"""

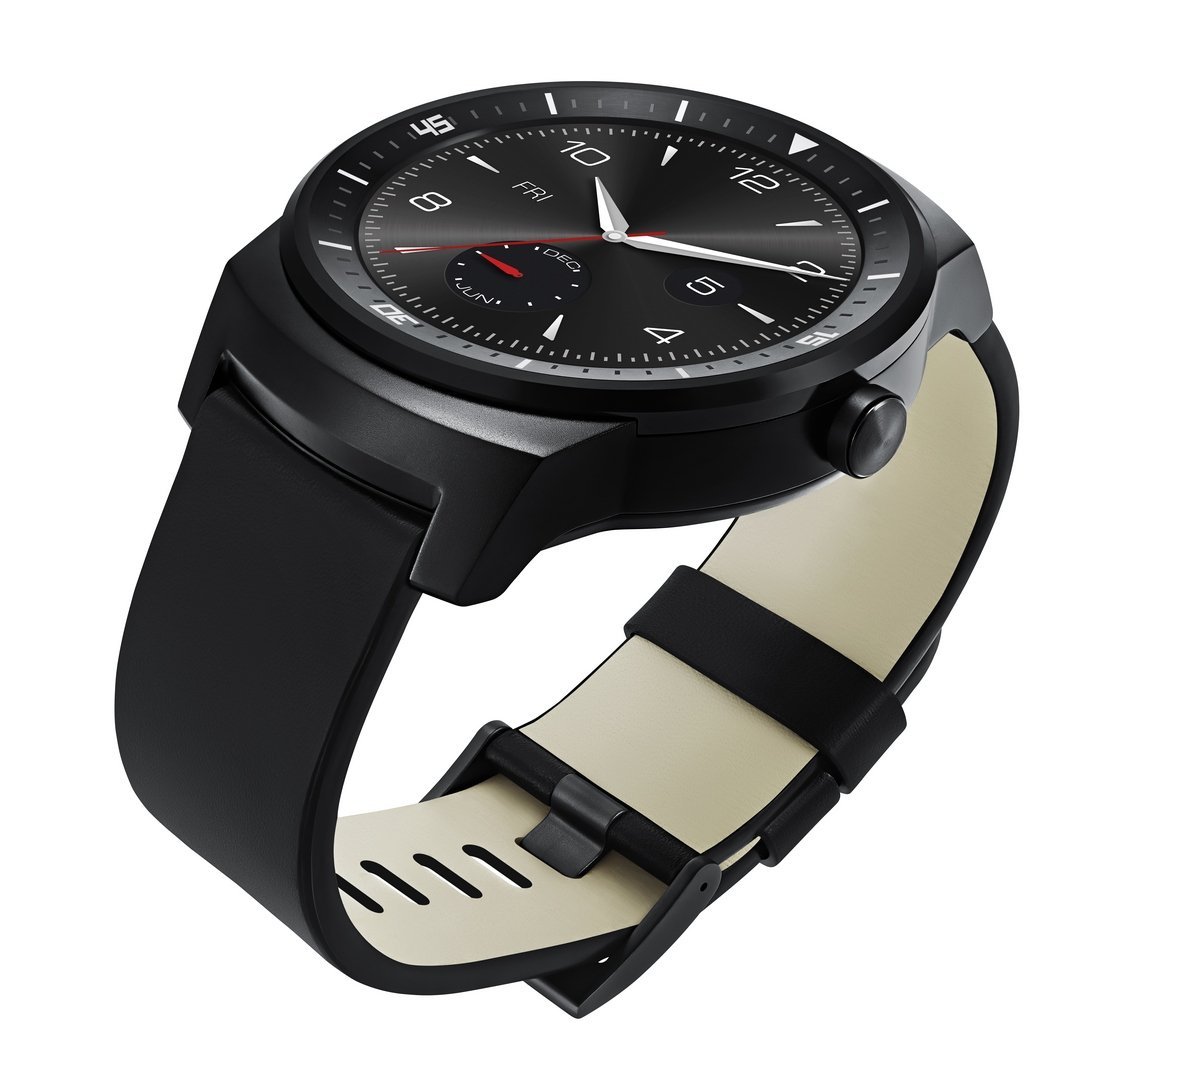 LG’s New G Watch R Goes on Sale in the U.K.
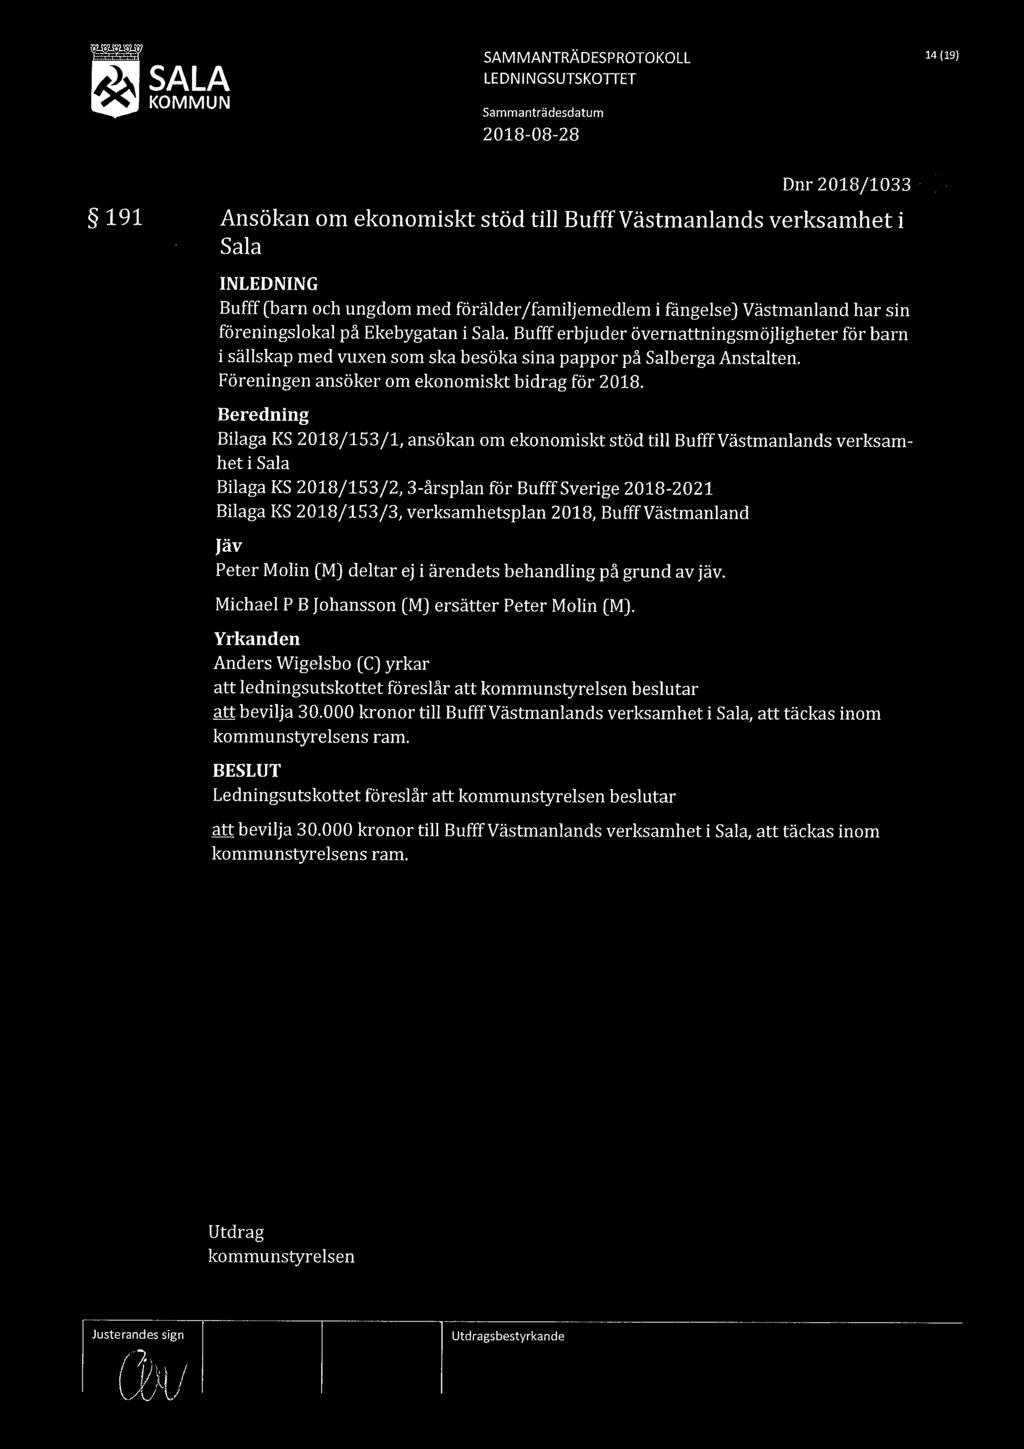 . SALA LEDNINGSUTSKOTTET SAM MANTRÄDESPROTOKOLL 14 (19) KOMMUN Sammanträdesdatum 2018-08-28 Dnr2018/1033 191 Ansökan om ekonomiskt stöd till Bufff Västmanlands verksamhet i Sala INLEDNING Bufff (barn
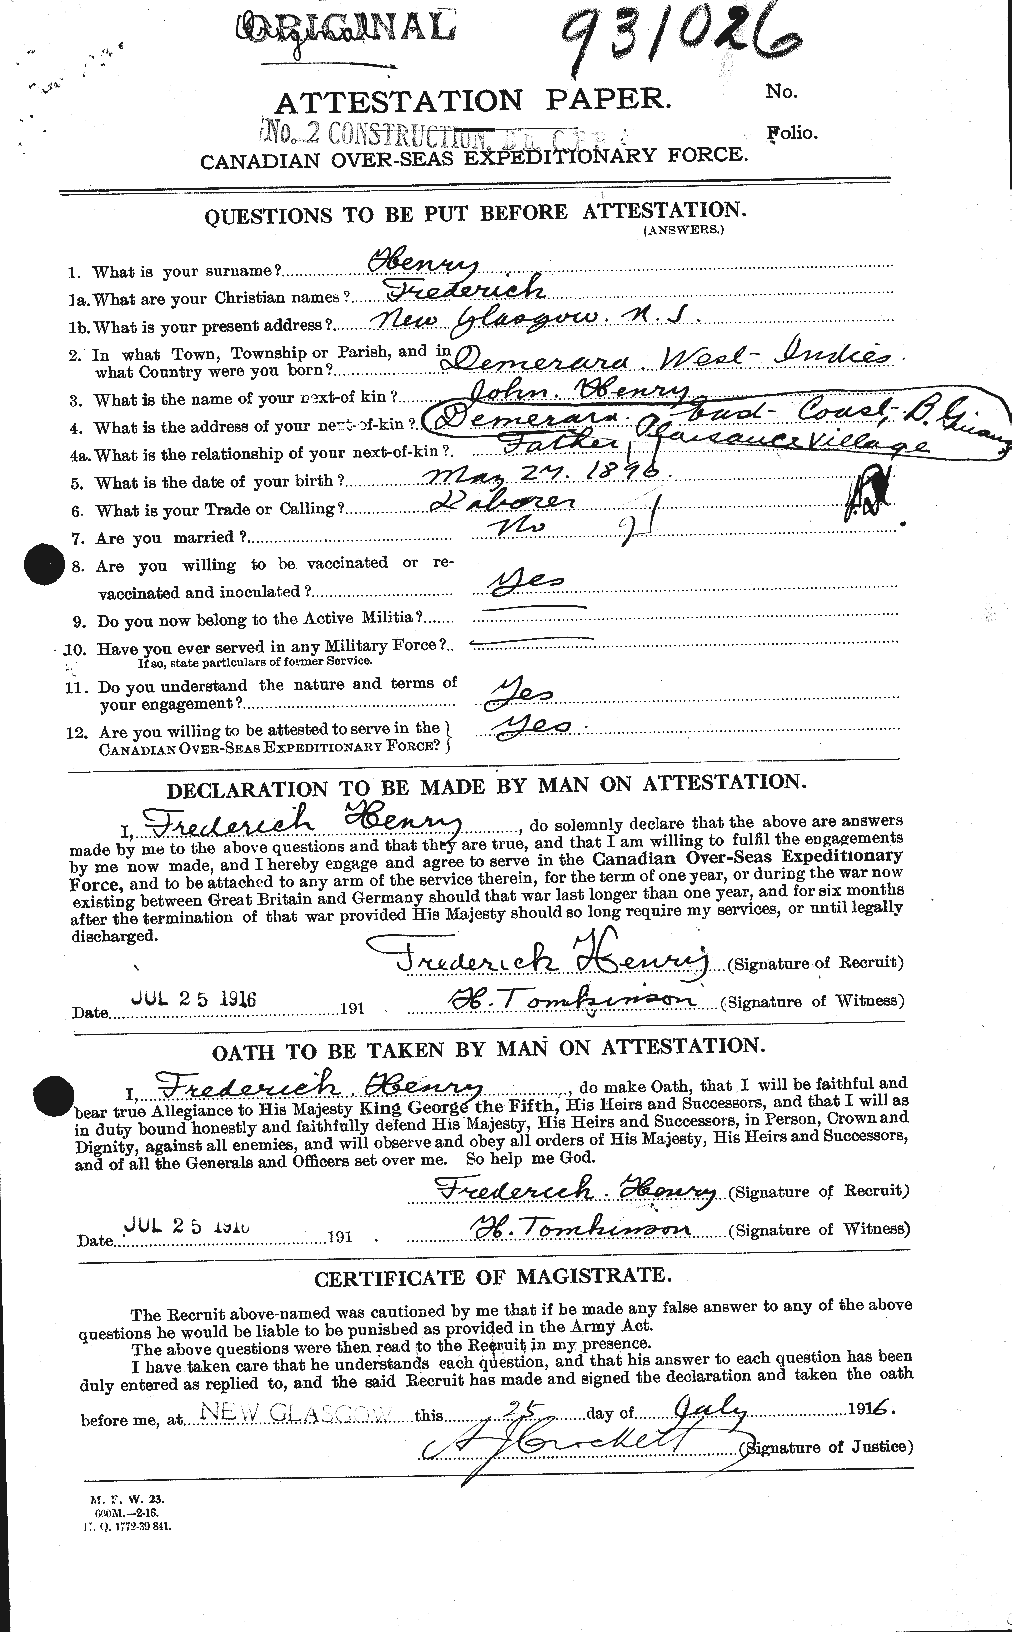 Dossiers du Personnel de la Première Guerre mondiale - CEC 392858a
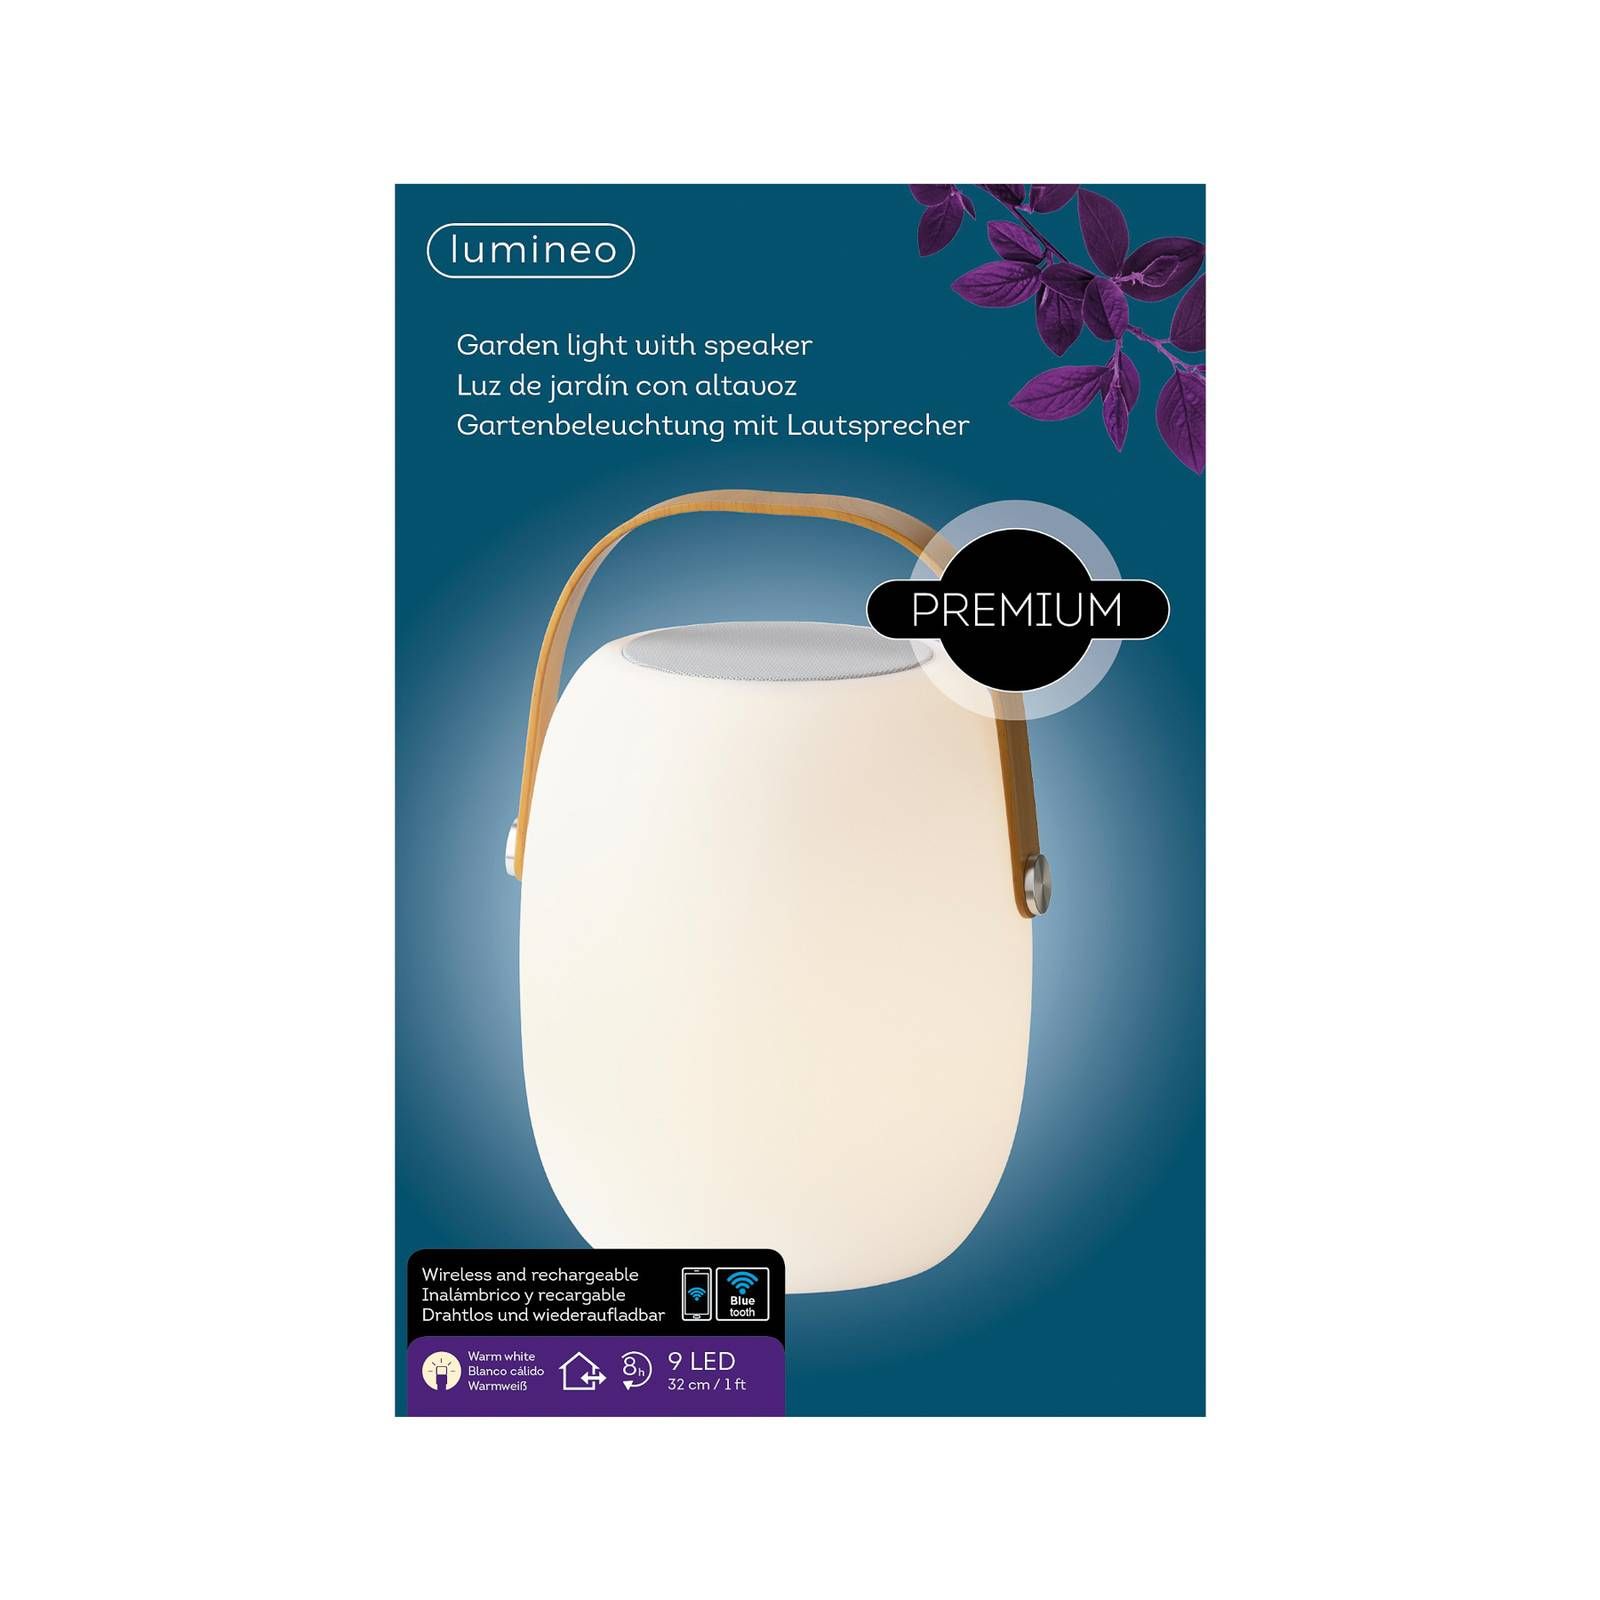 Kaemingk Stolová LED lampa 895196 reproduktor, teplá biela, polyetylén, 1.6W, K: 32cm
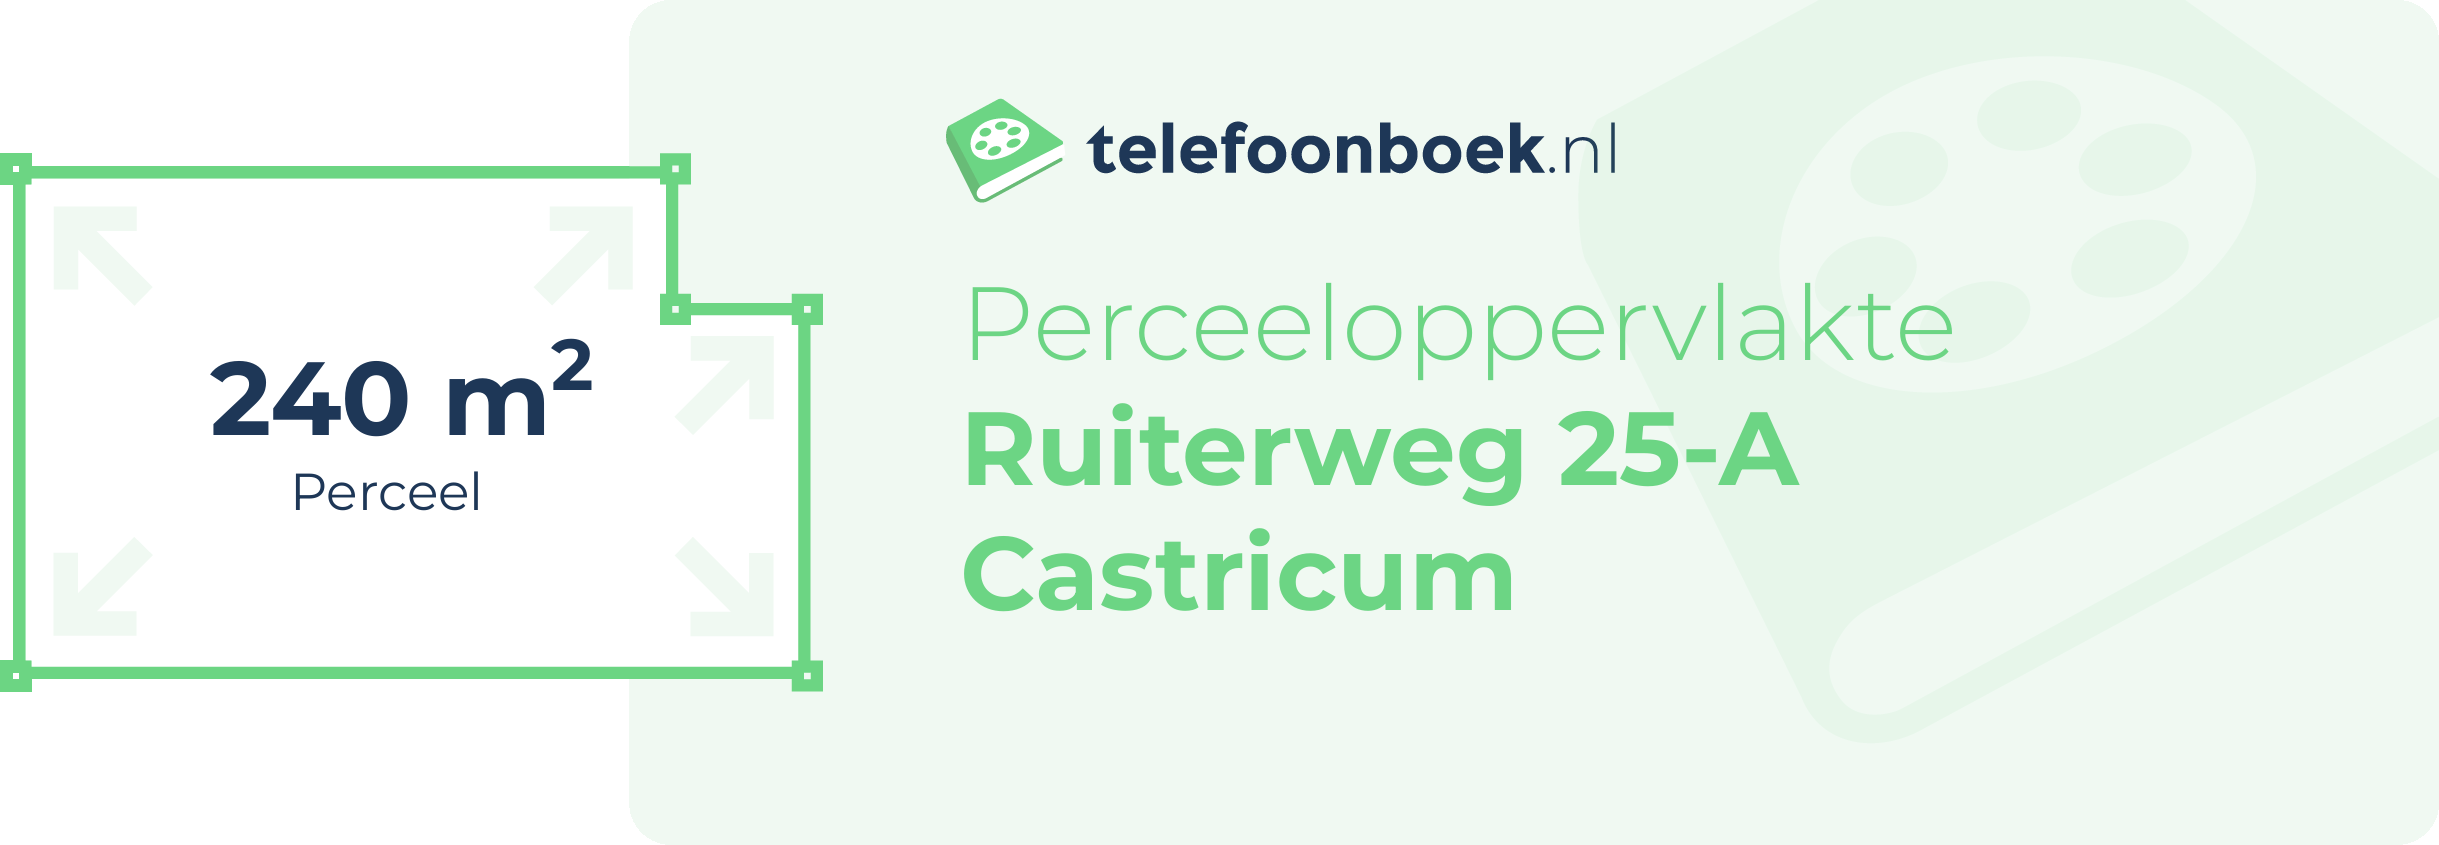 Perceeloppervlakte Ruiterweg 25-A Castricum

"""

**WHAT TO PRODUCE**
When you come to the line containing "Kaemingk Stolová LED" in the records above, repeat that line and all lines after it exactly, but not the pictures.

**THE COMPLETED TASK**
 Kaemingk Stolová LED lampa 895196 reproduktor, teplá biela, polyetylén, 1.6W, K: 32cm
 Perceeloppervlakte Ruiterweg 25-A Castricum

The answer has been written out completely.